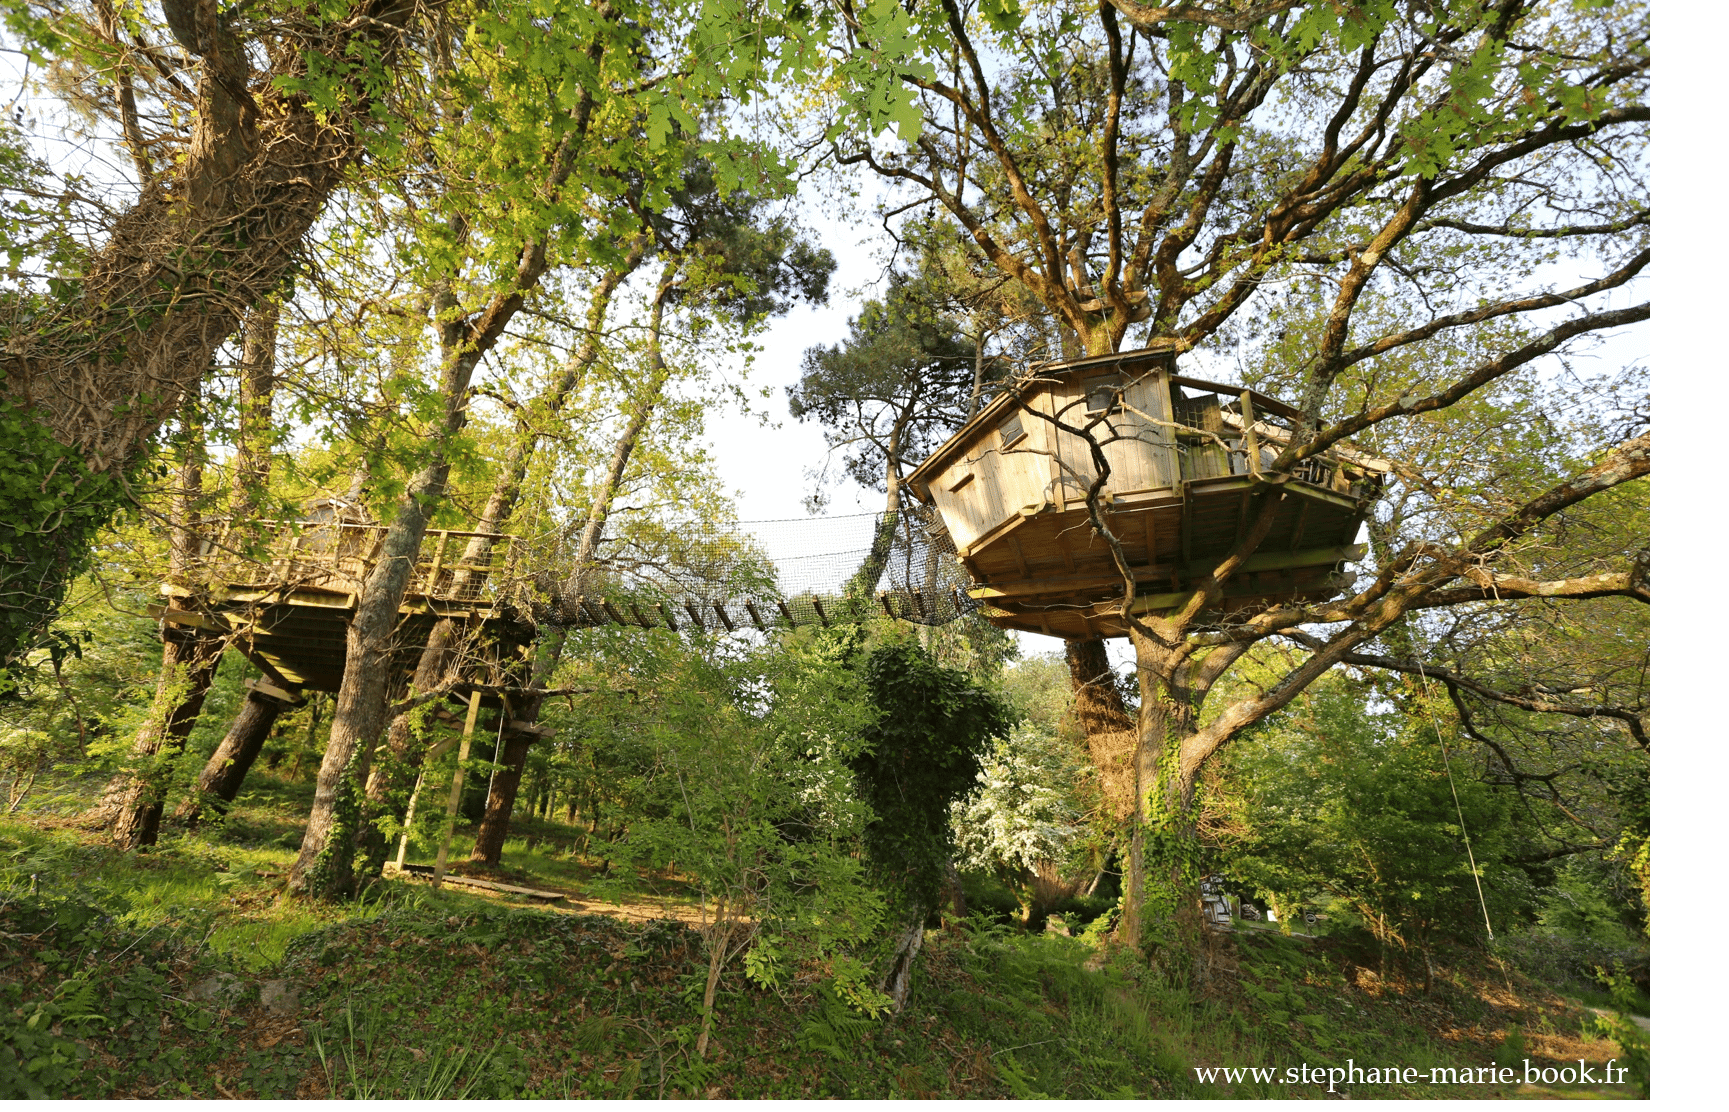 cabane dans les arbres pradan bretagne hotel dans les. Black Bedroom Furniture Sets. Home Design Ideas
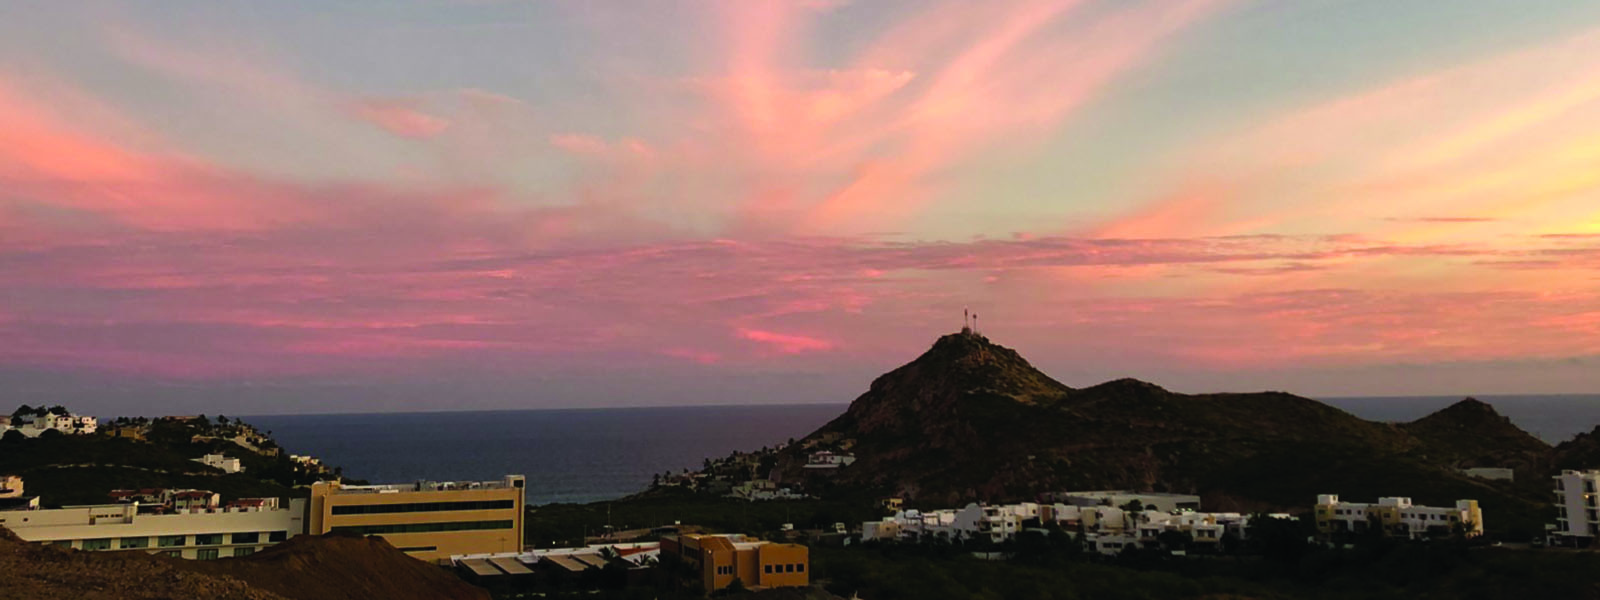 Condos Houses in Baja California Sur Mexico | Ladera San Jose | Gated
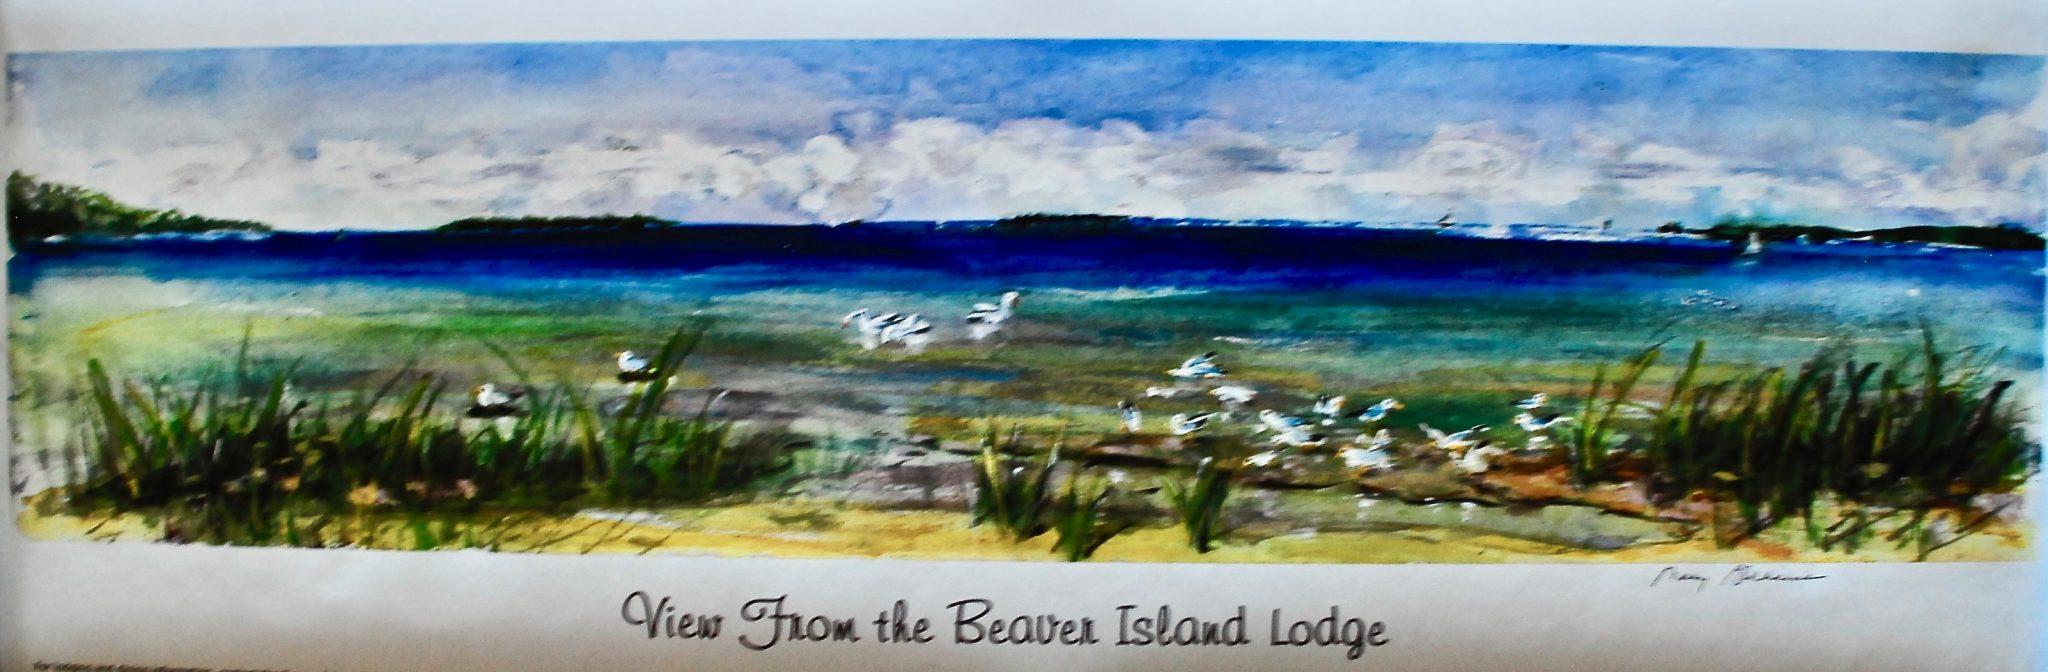 lake michigan view from the beaver island lodge
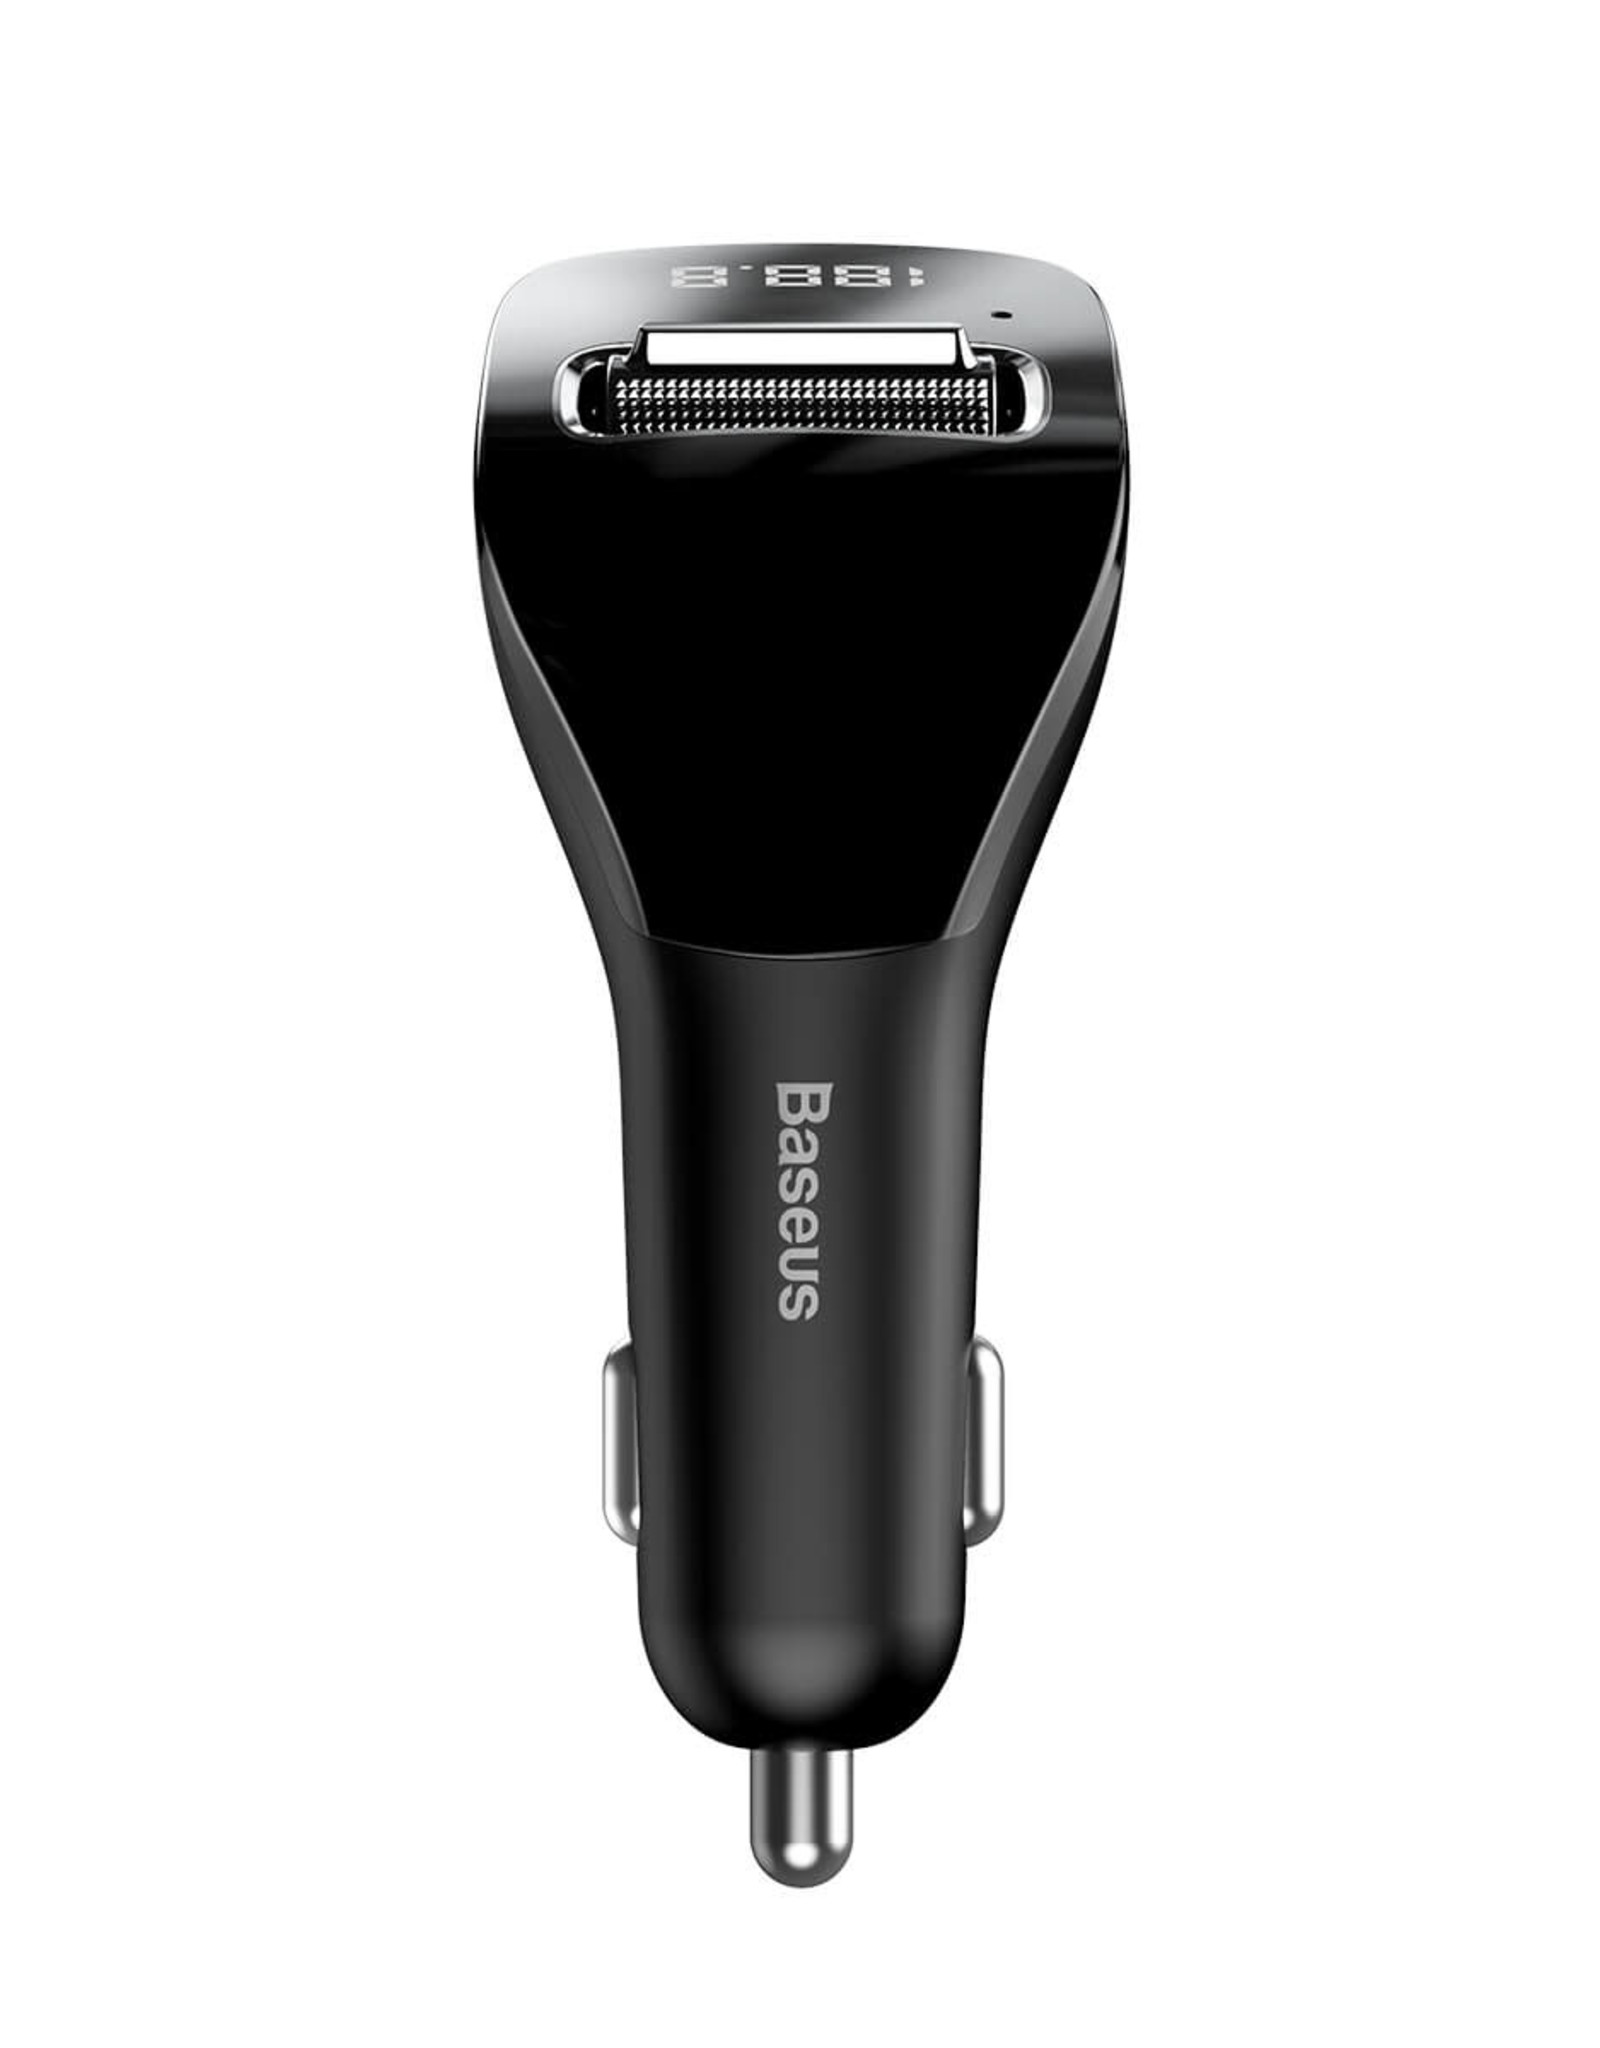 Baseus Baseus Streamer F40 AUX wireless MP3 car charger Black
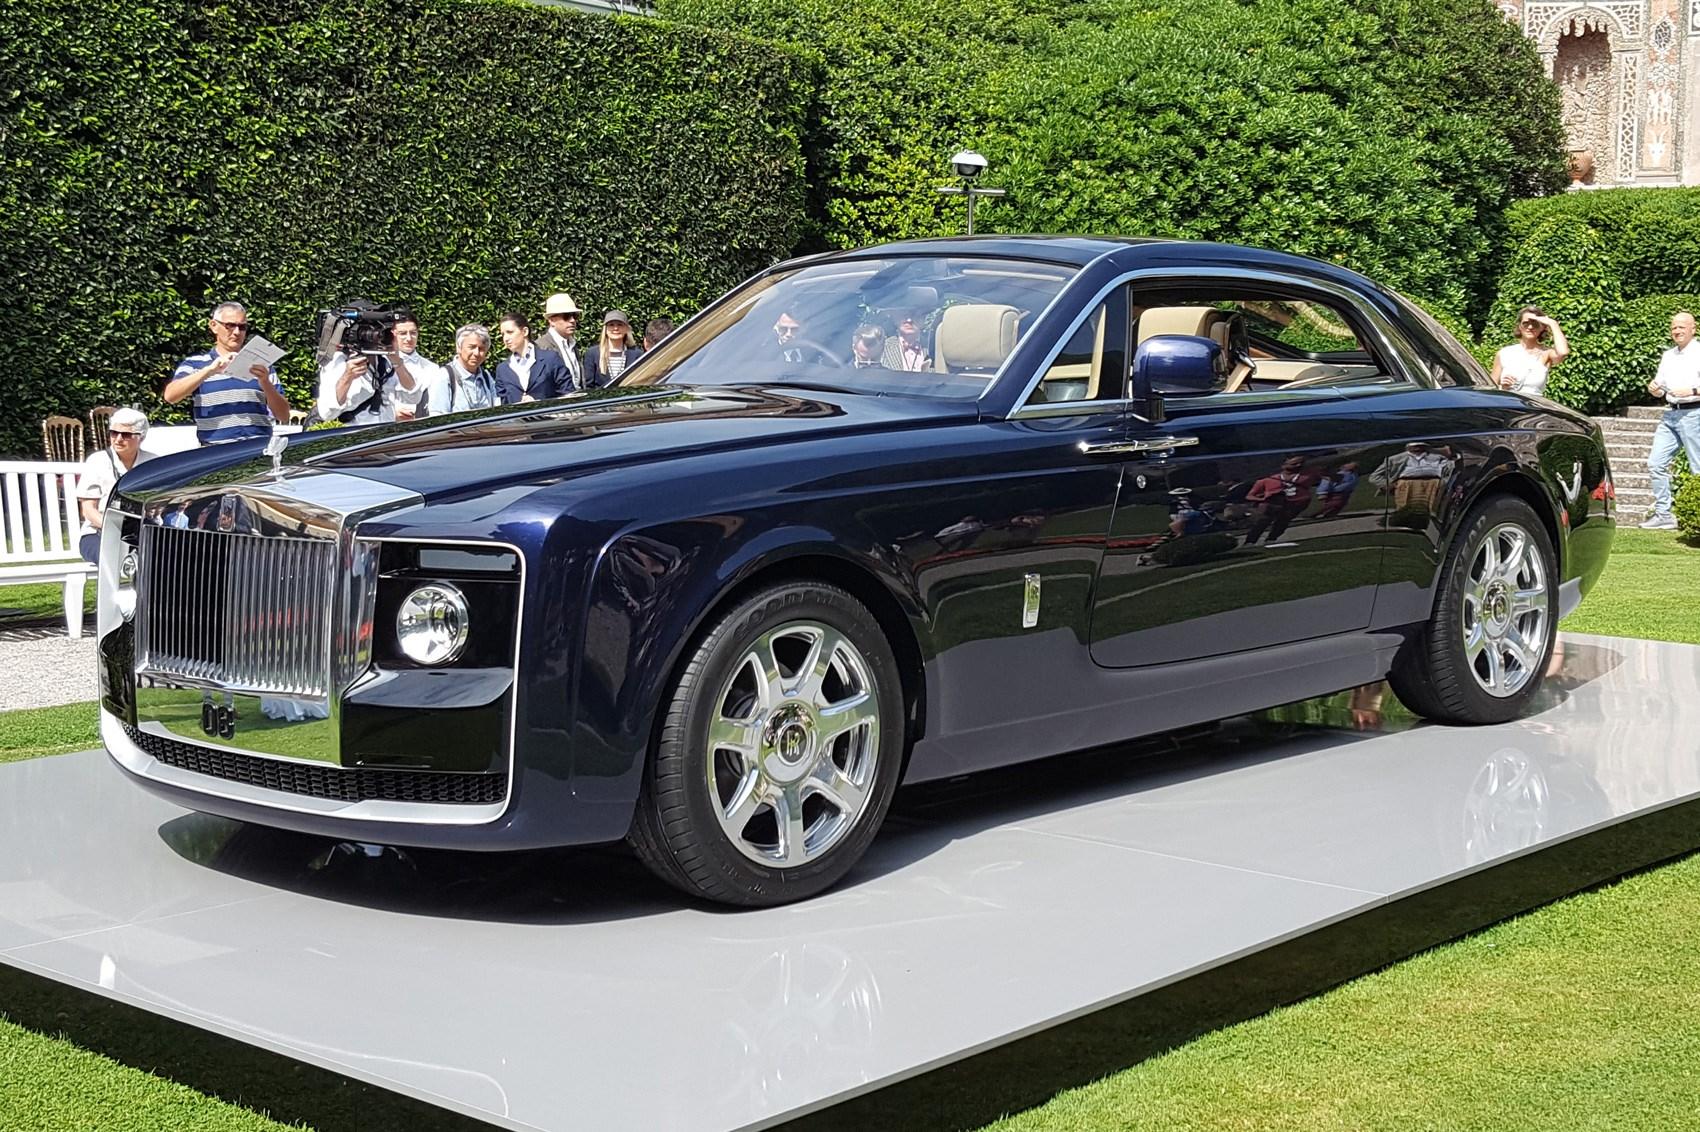 Вшоу-руме Роллс Ройс появился автомобиль Sweptail за13 млн. долларов

### Your instructions
The line with "Baseus Baseus Streamer" marks the start, and the last line of the material marks the end. Reproduce exactly those two lines and every line between them, without the pictures.

### Solution
 Baseus Baseus Streamer F40 AUX wireless MP3 car charger Black
 Вшоу-руме Роллс Ройс появился автомобиль Sweptail за13 млн. долларов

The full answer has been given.